Extraits du livre de Primo Cologni

      C’était un jour de février 1944. Nous étions sous occupation allemande. Quatre de mes frères et sœurs étaient à l’école et sans doute avaient-ils dans les poches des cailloux préalablement chauffés dans l’âtre pour se tenir un peu les mains au chaud durant le trajet (1). Mon père s’occupait à ranger la grange et à soigner les bêtes recluses en étable à cause du grand froid. Ma mère, dans la cuisine, préparait à manger pour toute la famille.

    Quant à moi, envoyé par mon père, je travaillais dans la vigne, la libérant des sarments déjà émondés. Je n’étais pas peu fier de cette confiance paternelle. Le fait d’être seul devant l’ouvrage à accomplir et de savoir mes frères, eux, encore à l’école, donnait à mes quatorze ans à peine accomplis, une importance qui me pénétrait du sens de la responsabilité.

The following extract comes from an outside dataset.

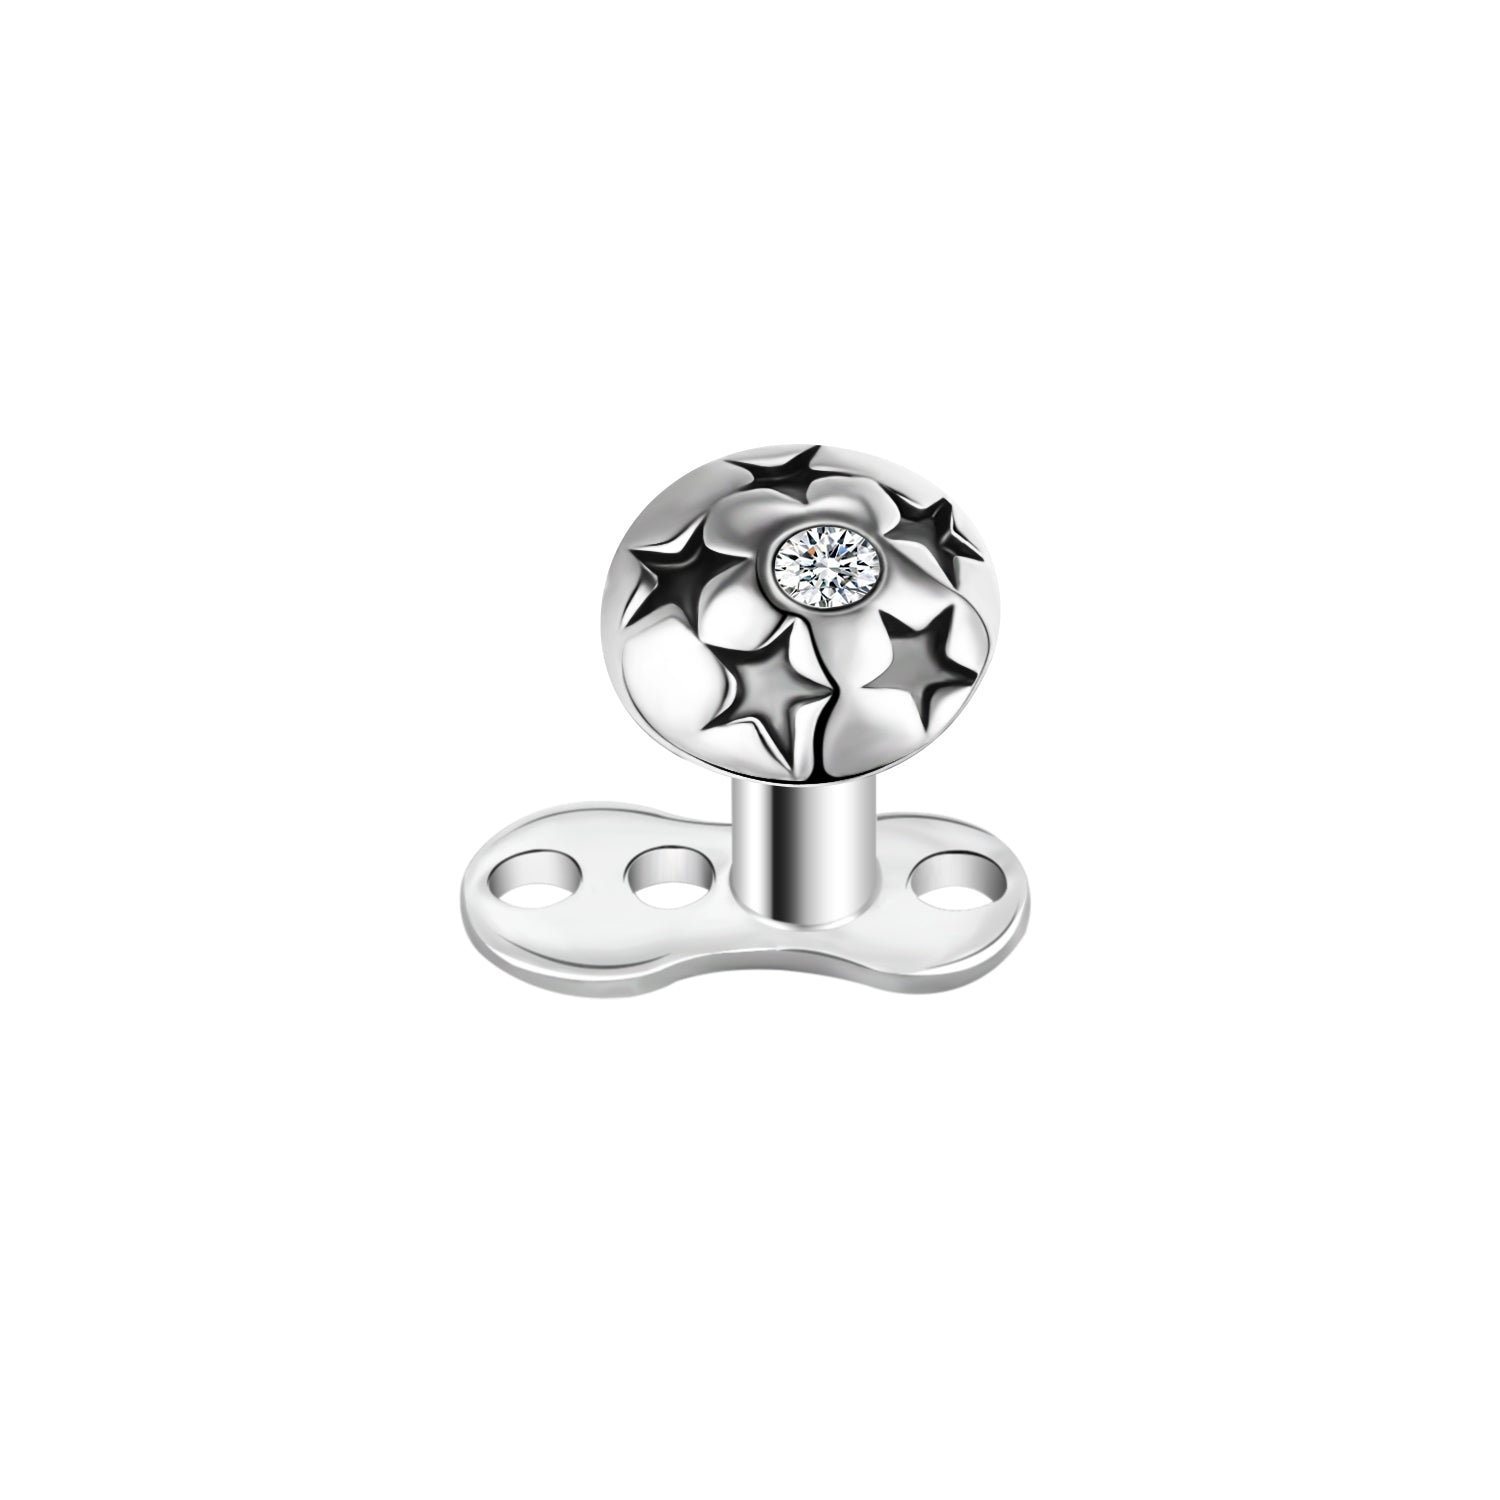 16G Zircon Dermal Anchor Tops and Base Surgical Steel Internally Threaded Skin Diver Piercings

   Étant le premier né, ce n’est pas par hasard si je m’appelle Primo – bien qu’en me donnant ce prénom, ma mère ne savait pas encore de combien je serais l’aîné ; elle comptera jusqu’à huit.

    Mes parents s’étant mariés en 1929 dans la petite, mais belle église des Esseintes, je naissais l’année suivante. 
… 

Quel trio avons nous formé avec mes deux frères, puîné et troisième. Dieu sait combien de jeux, de combats plus ou moins dangereux, d’activités les plus originales possibles ! et combien de craintes avons-nous pu inspirer à notre mère ! À l’école, à cette époque, il y avait aussi mes deux sœurs. Le dernier, approchant des quatre ans, était à la maison, tandis qu’une naissance était prévue pour l’automne.

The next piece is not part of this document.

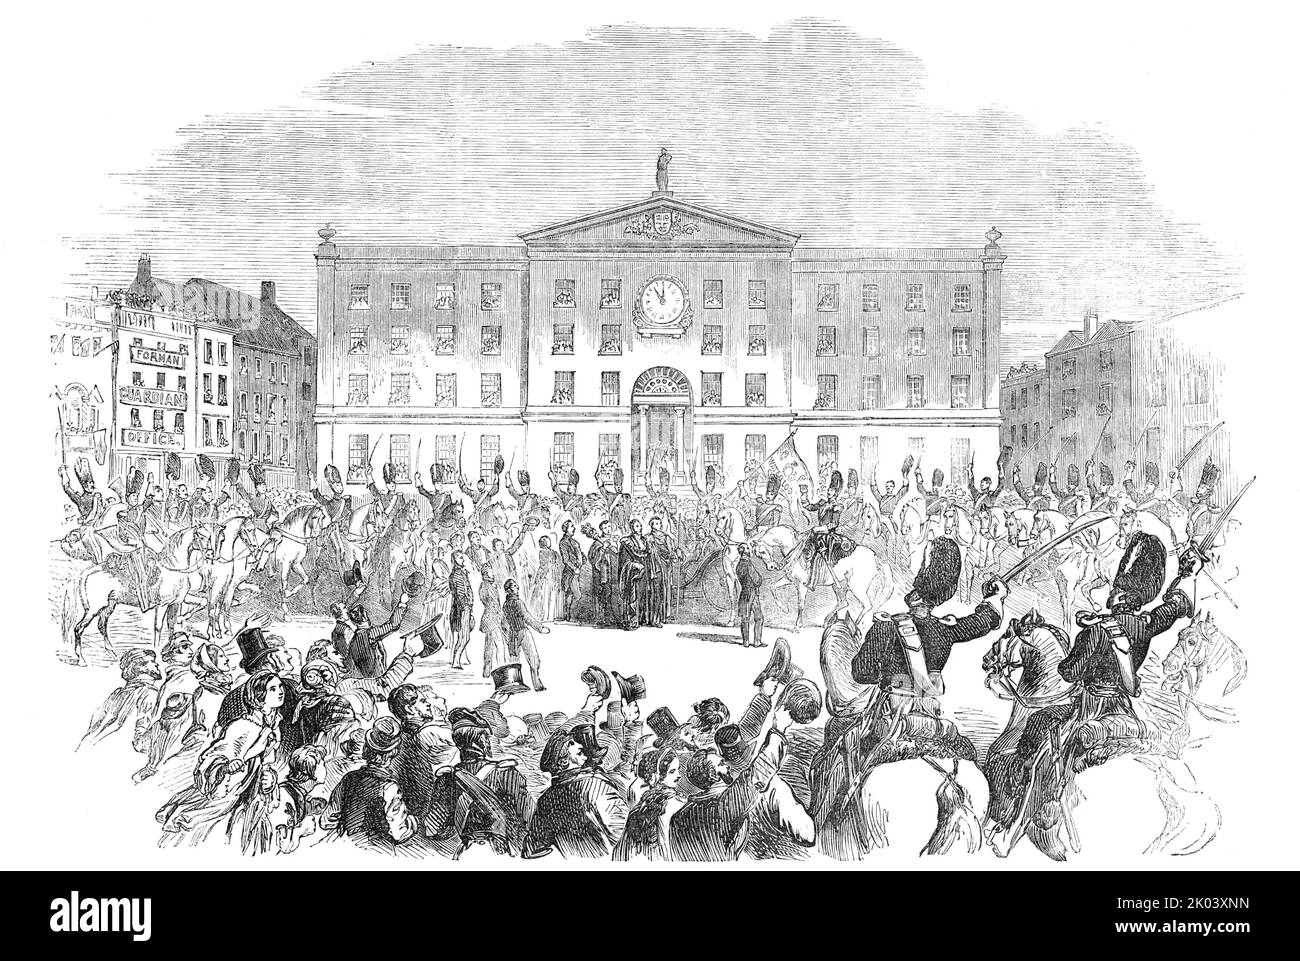 The Scots Greys leaving Nottingham for the War in the East, 1854. British troops leaving for the Crimean War: 'The Mayor...having arranged to bid the troops a public farewell...the Corporation assembled at the Exchange...The streets were lined with spectators, eager to pay the tribute of respect and good wishes to the brave fellows...The ancient &quot;loving- cup&quot; of the Corporation was then produced, and having been filled with wine, the Mayor (J. Reckless, Esq) addressed the Colonel and his officers, intimating the public sense of the good conduct of the regiment, and proposing the heal Stock Photo

    Ma mère, née au nord de Venise, était vénète et en parlait sa langue. Arrivée en France en 1926, elle débarqua aux environs de Casteljaloux. Sa mère, sa sœur et trois de ses frères l’accompagnaient. 

    Mon grand-père maternel avait disparu en Roumanie où il était parti travailler dans l’espoir de nourrir à distance la famille alors dans la misère. Mort on ne sait en quelles circonstances. Ma grand-mère se retrouva ainsi avec cinq fils dans la plus grande pauvreté et le plus profond désespoir ; elle tomba gravement malade.

    Le curé de la paroisse s’intéressa au sort de ses enfants ; ainsi ma mère, interrompant l’école, fut placée à douze ans, dans une famille. 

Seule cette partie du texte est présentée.